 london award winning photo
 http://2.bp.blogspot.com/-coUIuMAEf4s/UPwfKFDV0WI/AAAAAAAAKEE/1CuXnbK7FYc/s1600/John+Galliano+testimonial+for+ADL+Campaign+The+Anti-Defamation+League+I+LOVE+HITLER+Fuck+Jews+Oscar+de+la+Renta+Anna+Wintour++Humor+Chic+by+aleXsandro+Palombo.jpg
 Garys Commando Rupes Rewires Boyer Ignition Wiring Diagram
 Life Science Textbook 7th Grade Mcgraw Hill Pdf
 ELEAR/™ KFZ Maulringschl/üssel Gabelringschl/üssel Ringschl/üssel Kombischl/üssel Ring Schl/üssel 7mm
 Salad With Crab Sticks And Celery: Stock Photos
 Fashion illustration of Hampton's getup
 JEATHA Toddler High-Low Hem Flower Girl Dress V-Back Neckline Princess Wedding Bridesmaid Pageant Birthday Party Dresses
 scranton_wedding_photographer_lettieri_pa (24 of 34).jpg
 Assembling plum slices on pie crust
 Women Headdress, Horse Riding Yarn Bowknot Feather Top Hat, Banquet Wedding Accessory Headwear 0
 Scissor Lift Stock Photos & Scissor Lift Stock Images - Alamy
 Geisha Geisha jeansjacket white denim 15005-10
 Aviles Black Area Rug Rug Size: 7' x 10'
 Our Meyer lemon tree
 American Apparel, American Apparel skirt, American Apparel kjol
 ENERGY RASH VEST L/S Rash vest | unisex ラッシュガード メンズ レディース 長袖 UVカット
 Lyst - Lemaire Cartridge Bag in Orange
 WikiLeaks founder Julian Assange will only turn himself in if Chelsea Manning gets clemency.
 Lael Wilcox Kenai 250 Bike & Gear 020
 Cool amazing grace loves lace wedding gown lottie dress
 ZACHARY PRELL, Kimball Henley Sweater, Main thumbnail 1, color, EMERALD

REQUIRED ACTION » Return each line from the material that includes the string "Stock".

EXERCISE SOLUTION »
 Salad With Crab Sticks And Celery: Stock Photos
 Scissor Lift Stock Photos & Scissor Lift Stock Images - Alamy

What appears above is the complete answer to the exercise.